Source :- https://tutorialboy24.blogspot.com/2022/03/the-story-of-3-bugs-that-lead-to.html
A detailed post on how I chained 3 vulnerabilities (A path traversal, An SSRF in an external piece of software, and a post-authentication RCE) into a full pre-auth RCE in Pascoms Cloud phone system.
Introduction
Pascom Cloud Phone System (CPS) provides integrated communication solutions for businesses and individuals. You can read more about it here
After downloading their free trial which can be installed in Virtualbox, I discovered 3 vulnerabilities that chained together lead to an unauthenticated attacker gaining root on these devices. Below I'll describe all three bugs and how I was able to chain them into a full exploit .
These bugs have been patched in 7.20.x versions. If your CPS instance is hosted on the cloud (Provided by PasCom) then the second bug does not exist so it breaks the chain. But it's still affected by the RCE, Although by the time this blog is published it will be patched automatically for cloud users.
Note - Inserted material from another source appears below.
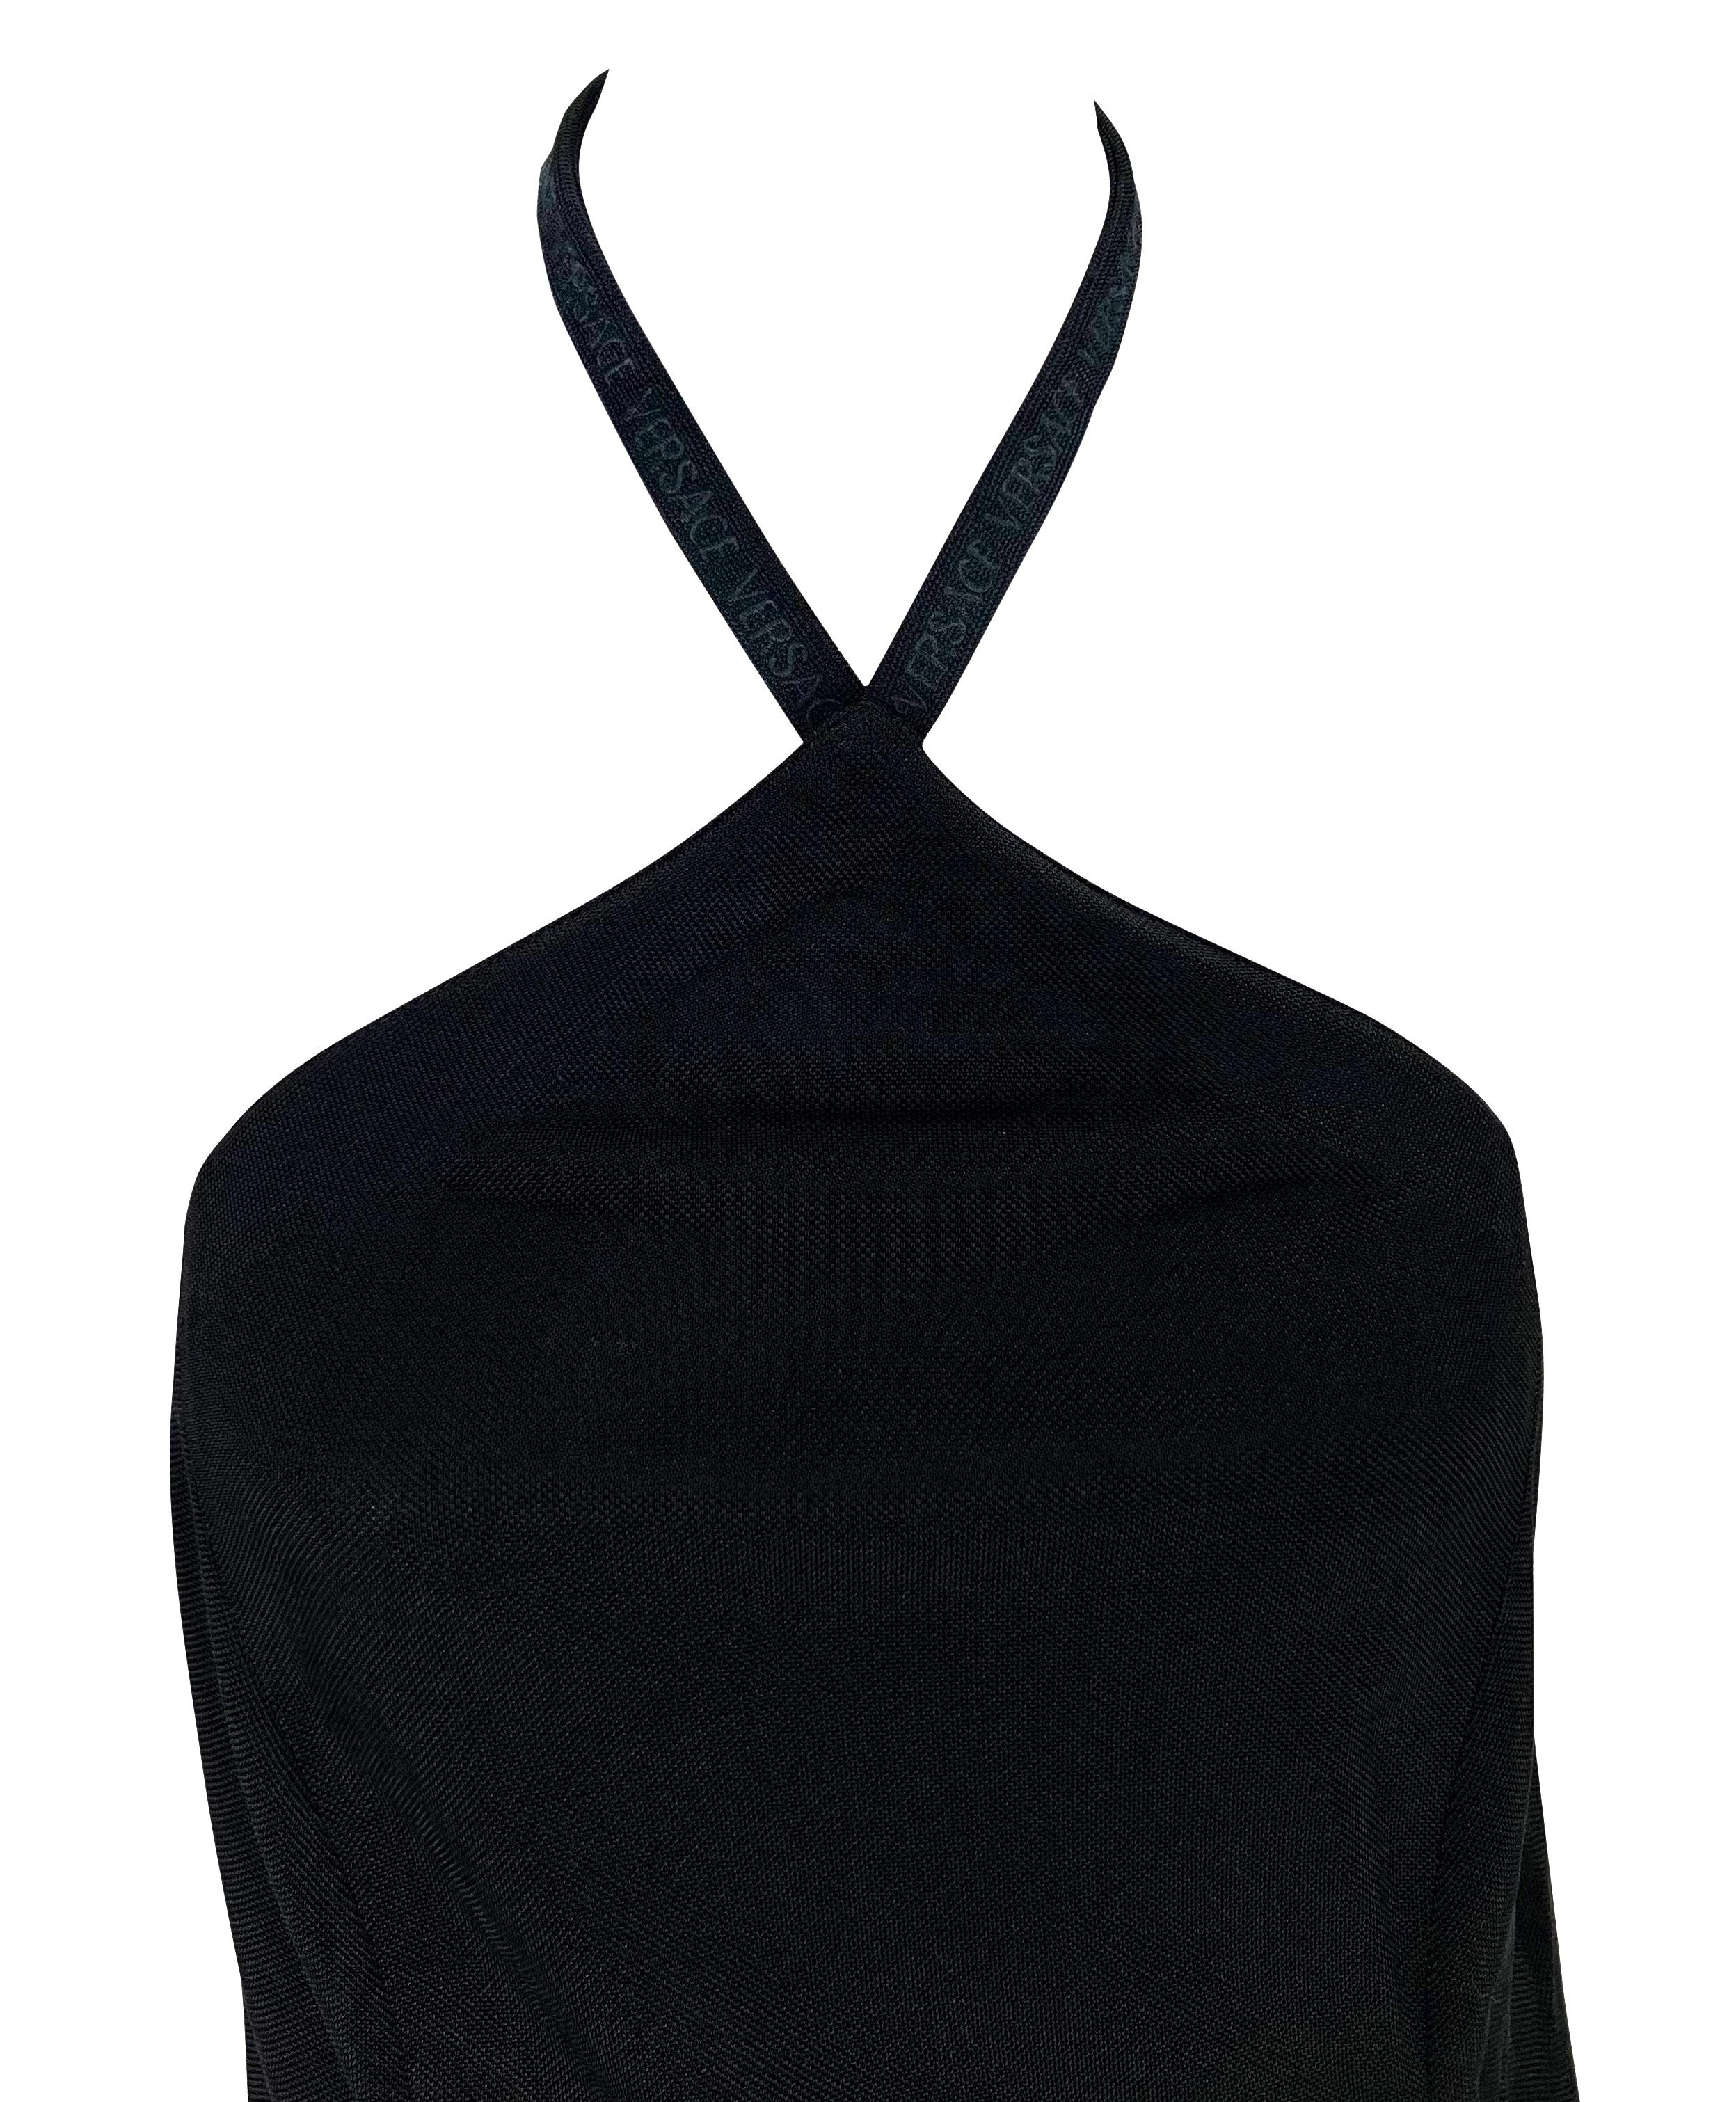 Nous vous présentons une magnifique robe Gianni Versace en maille noire à dos nu, dessinée par Donatella Versace. Datant de la fin des années 1990, cette robe tube en maille noire est suspendue à la nuque. La robe est complétée par l'inscription

We advise all users hosting their own installs of CPS to update to the latest version ASAP.
Pascom CPS System Structure
Before we get into the vulnerabilities we should look at how the pascom CPS is structured. The system runs a Linux-based OS but the products are deployed interestingly. Instead of running the services in the same environment (OS), CPS has multiple LXC containers providing a variety of services.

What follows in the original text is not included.